The cloud computing giant, which is headquartered in the tallest tower in San Francisco and is the city’s largest employer, had previously signed a deal in 2018 for additional office space in the new Transbay Tower development, an unbuilt tower about a block away.
The company planned to house 1,500 workers at the new tower, a portion of the 10,000 employees it has spread throughout its urban campus.
A spokesperson for Salesforce did not immediately respond to Insider’s request for comment.
The decision follows Salesforce’s announcement last month that it would adopt three new ways of working going forward. The new guidelines, which Salesforce is calling “Work From Anywhere,” offer employees options for how they’ll work in the future: flex, fully remote, and office-based.

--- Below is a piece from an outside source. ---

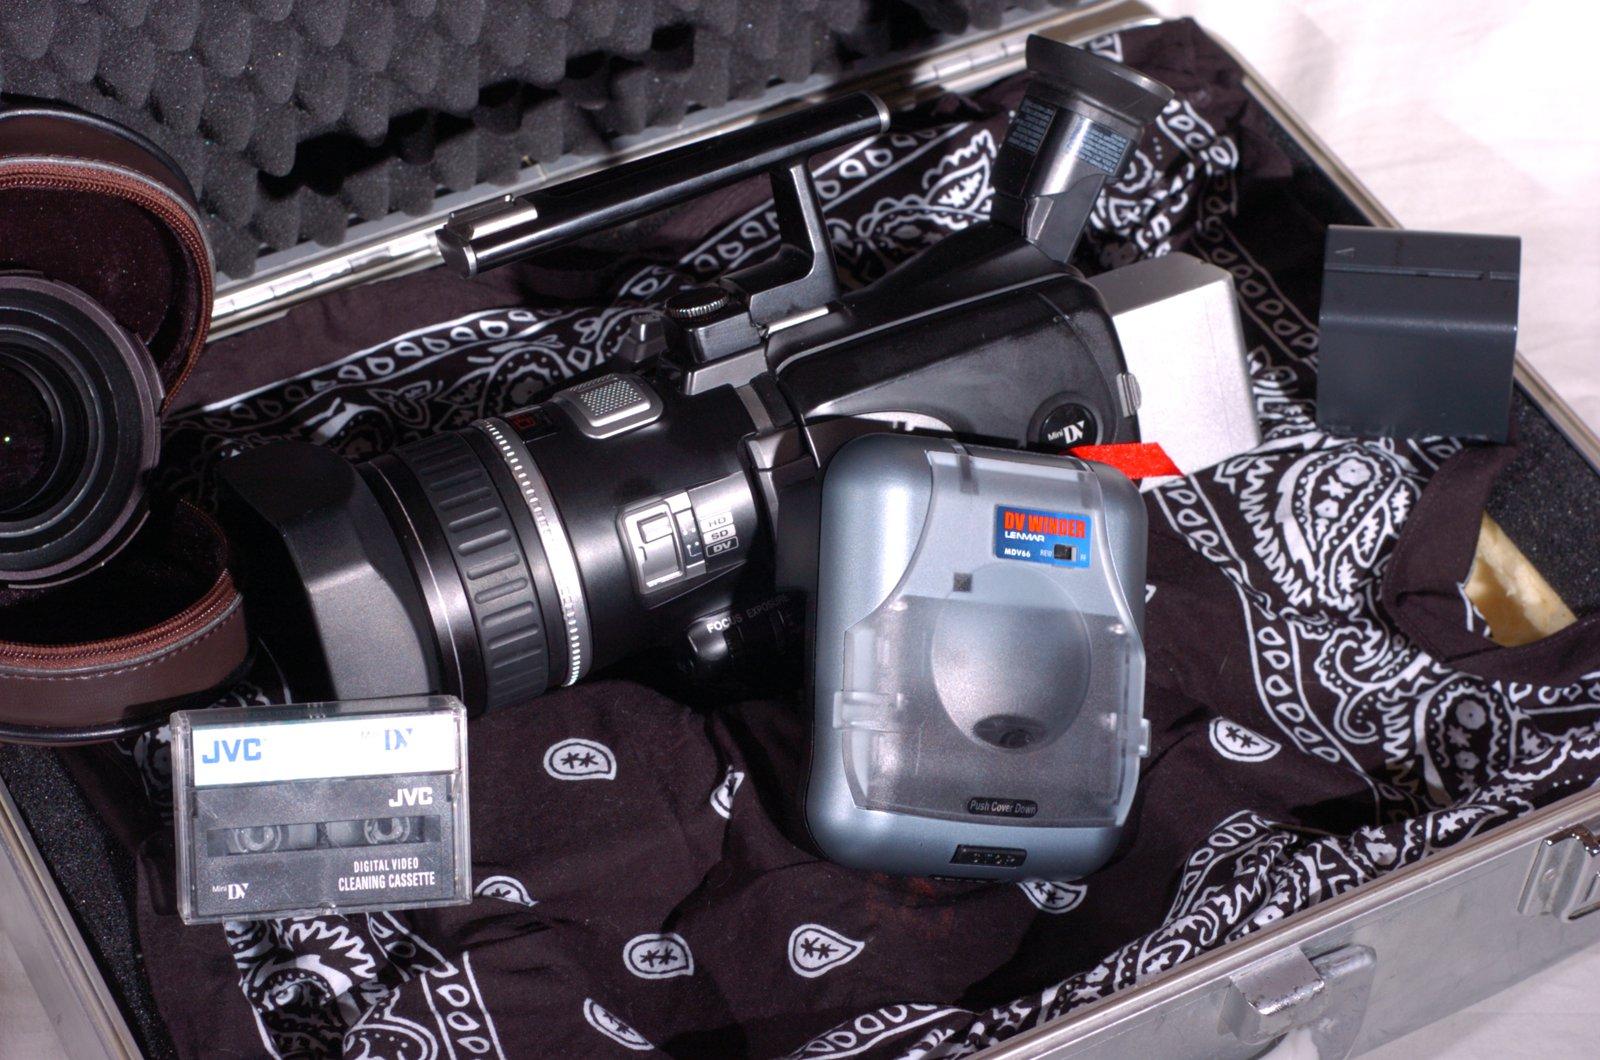 JVC GR-HD1 High Definition Camera 2

Salesforce said most of its employees worldwide would have a flex schedule, which means they’ll report to the office between one and three days each week for tasks that are more challenging to do over video calls, such as team collaboration, customer meetings, and presentations.
The company has shared few details about what this will mean for its physical office spaces – in a blog post announcing the change, Brent Hyder, the president and chief people office of Salesforce, shared only that the offices would be redesigned as “community hubs” with collaboration and breakout spaces instead of rows of desks.
Salesforce’s decision follows two other major San Francisco-based tech companies scaling back their physical office space. In August, Pinterest scrapped plans to build a massive, 490,000-square-foot-office in San Francisco’s South of Market neighborhood, paying a $89.5 million fee to cancel the project. And in September, Twitter said it would sublease more than 100,000 square feet of space at its San Francisco headquarters after telling employees they could work from home forever.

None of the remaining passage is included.